*** Records shown Section Begins ***
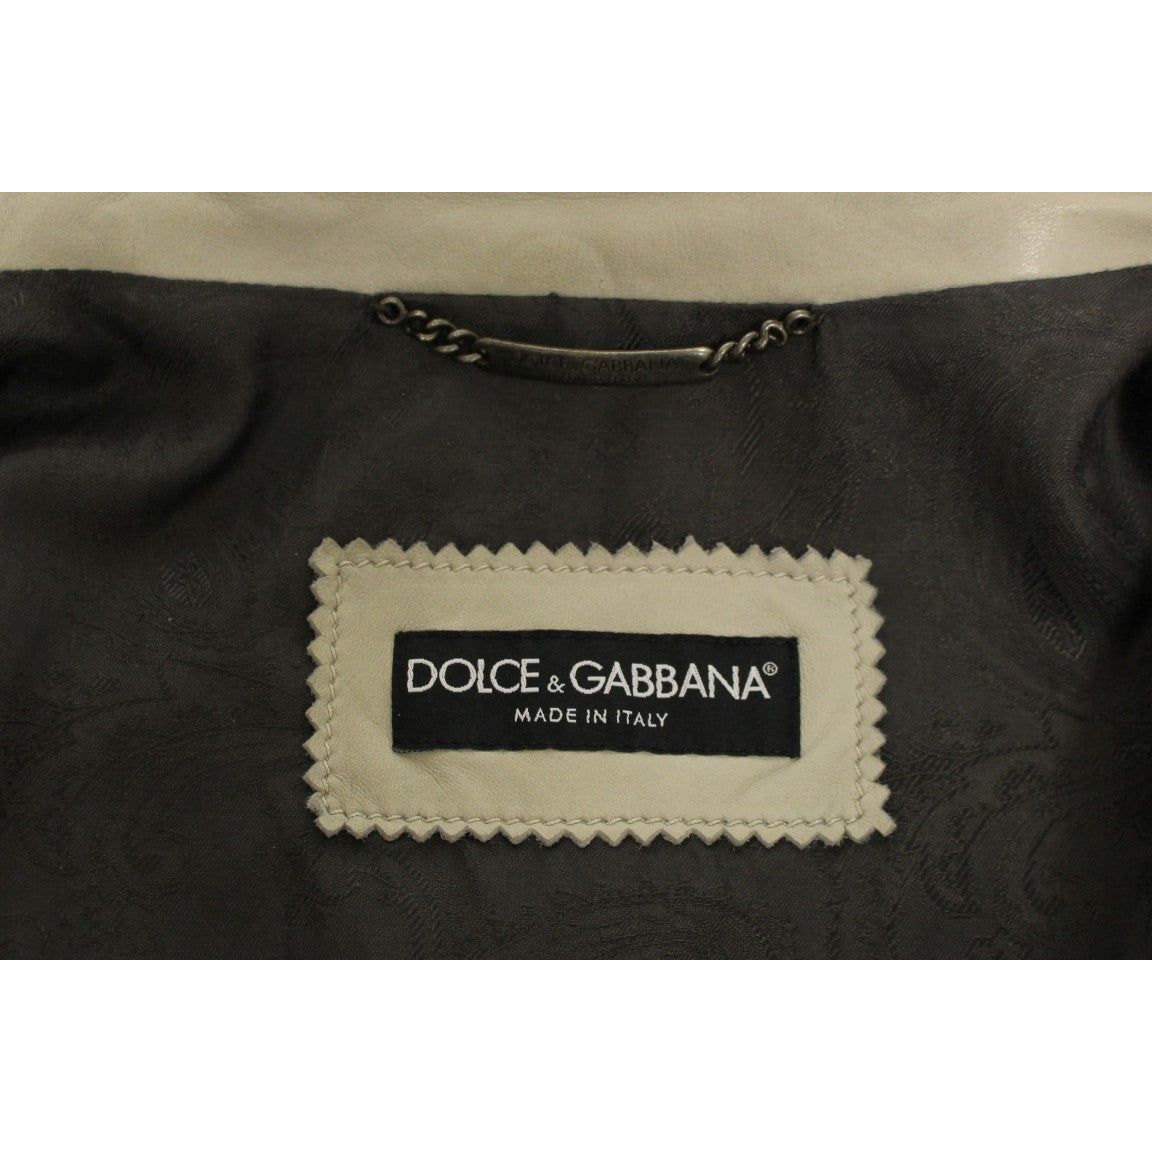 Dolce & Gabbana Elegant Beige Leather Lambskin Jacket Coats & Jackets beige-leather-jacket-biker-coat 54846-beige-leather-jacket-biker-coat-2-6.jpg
*** Records shown Section Ends ***
*** Records shown Section Begins ***
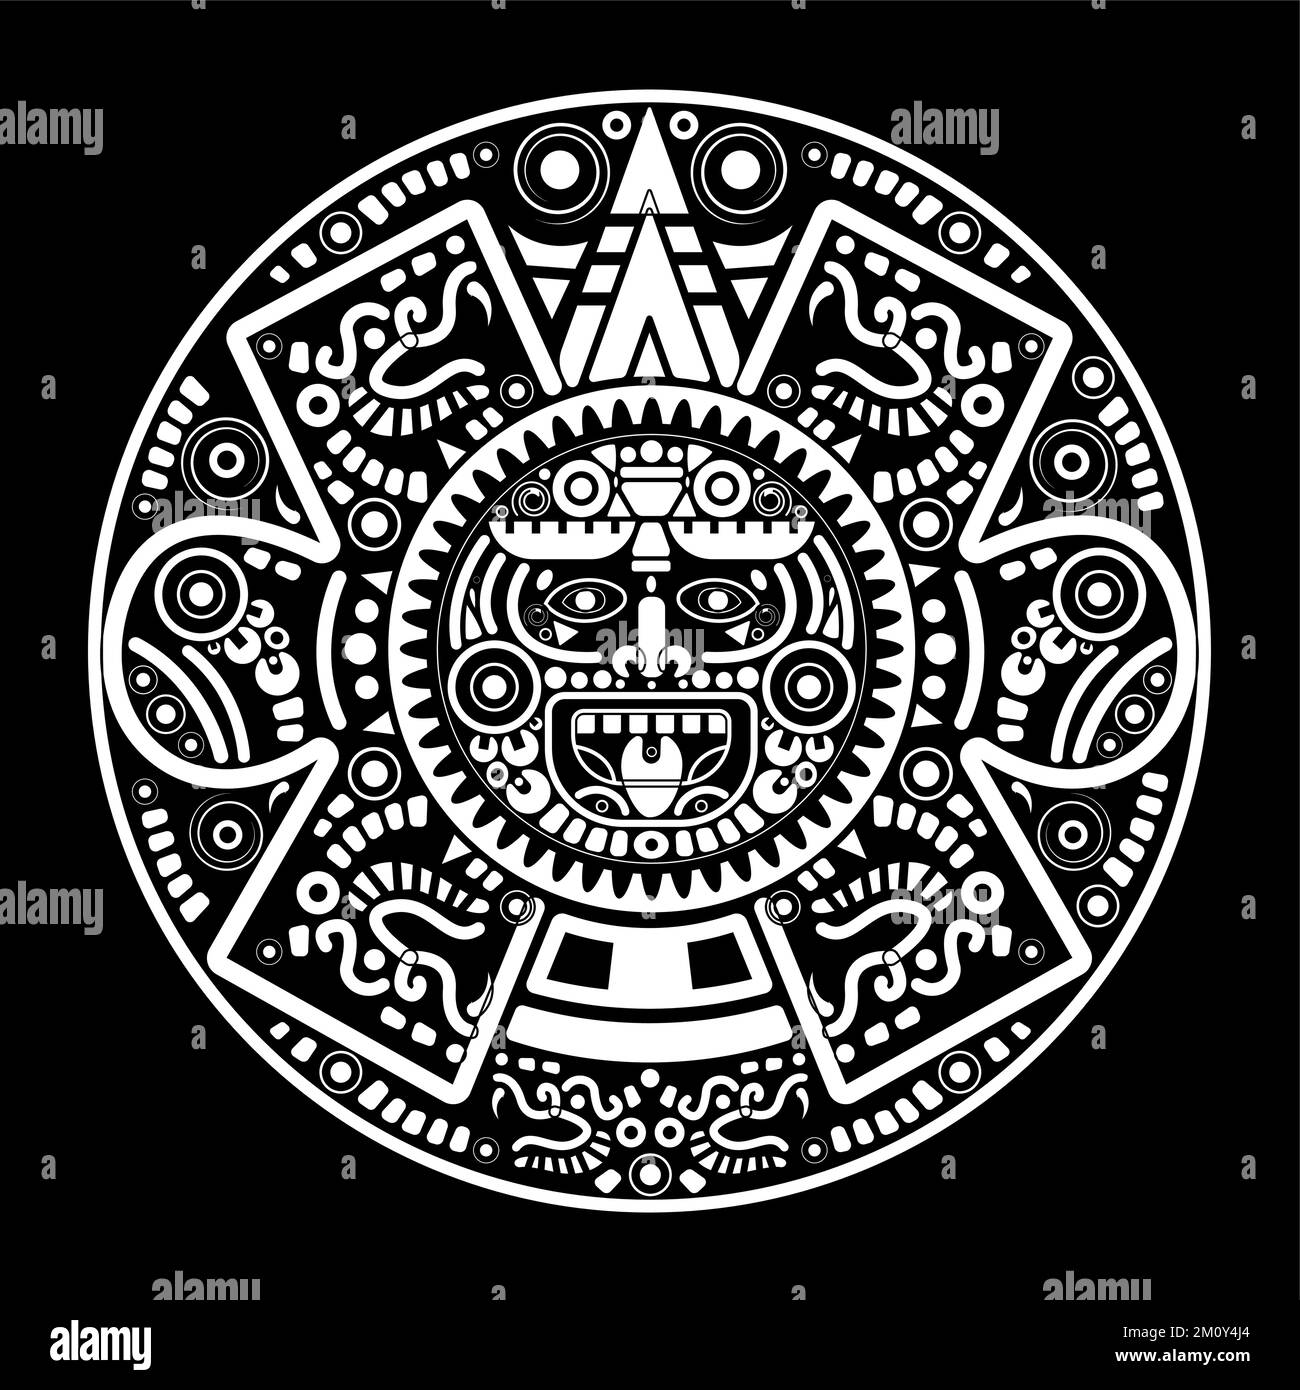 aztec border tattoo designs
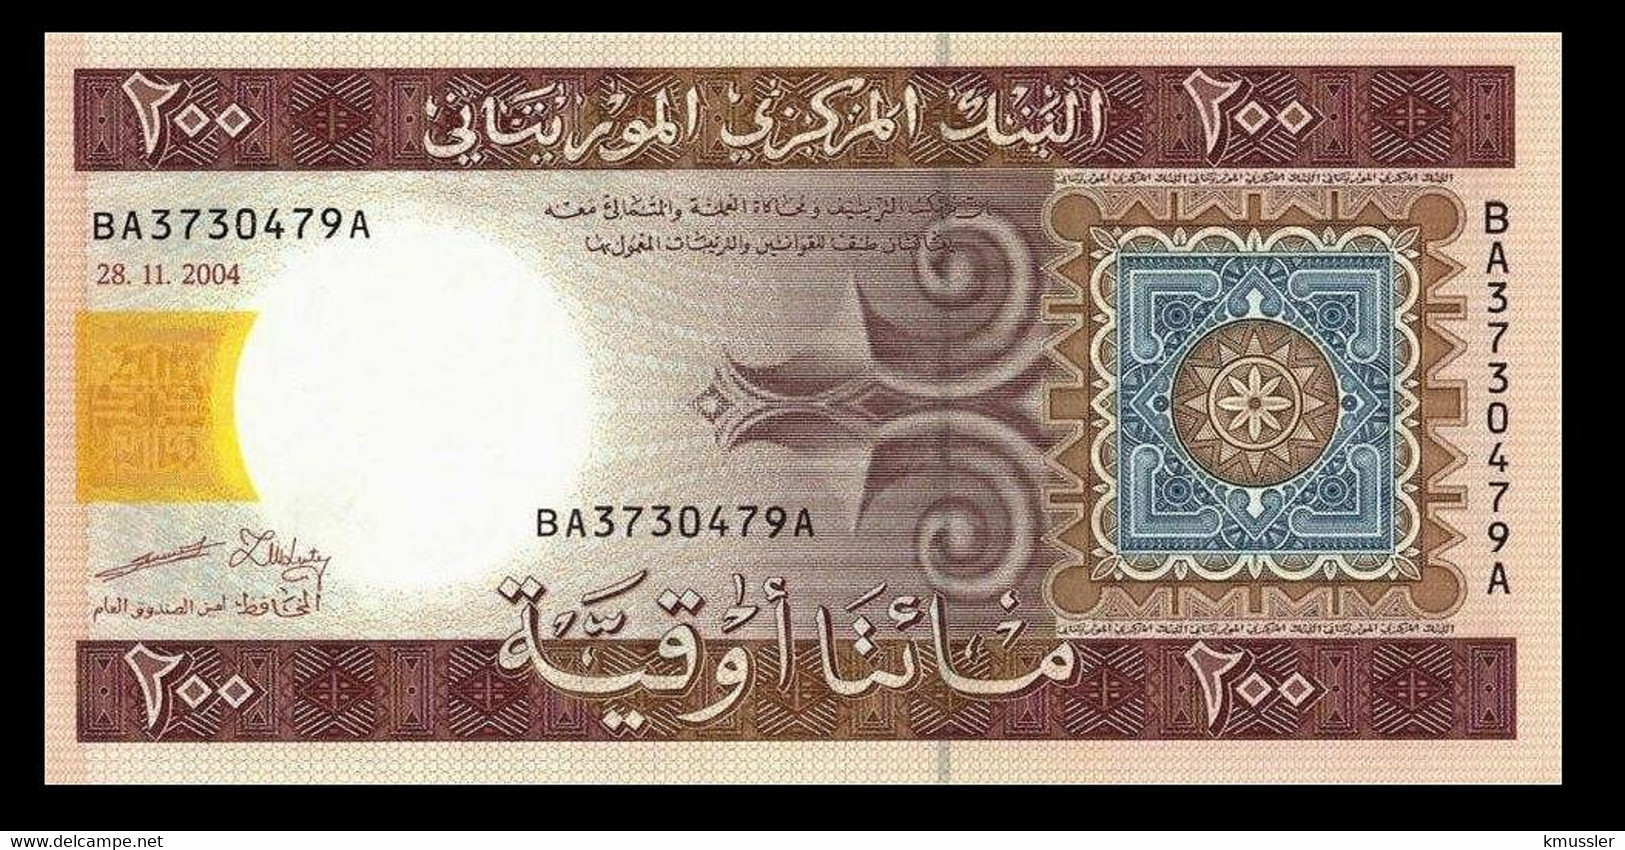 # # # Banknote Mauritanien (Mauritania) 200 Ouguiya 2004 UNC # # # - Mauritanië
*** Records shown Section Ends ***
*** Records shown Section Begins ***
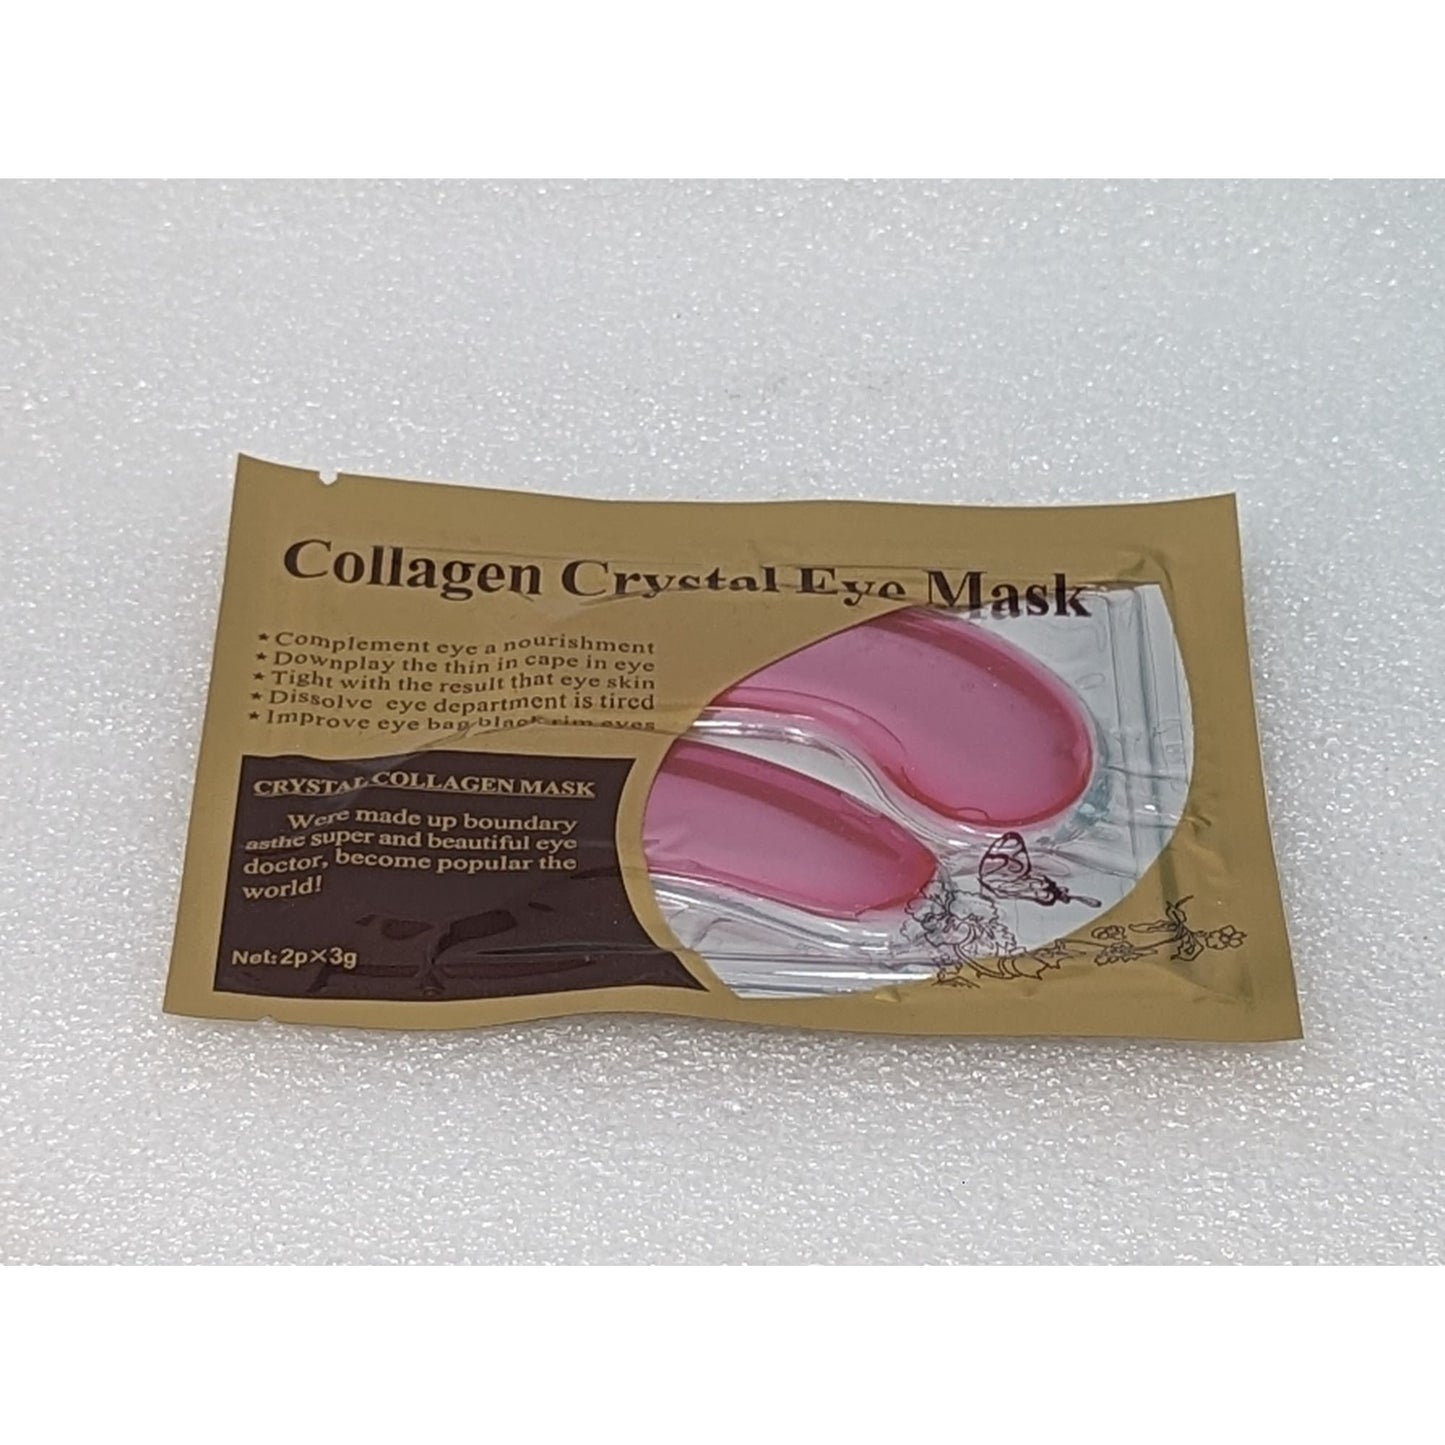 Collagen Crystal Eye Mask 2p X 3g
*** Records shown Section Ends ***
§ **Task directions**
Could you output exactly the lines above, from the line with "aztec border tattoo designs" up to and including the line with "# # # Banknote", and nothing else, skipping the pictures?

§ **Problem solution**
 aztec border tattoo designs
 # # # Banknote Mauritanien (Mauritania) 200 Ouguiya 2004 UNC # # # - Mauritanië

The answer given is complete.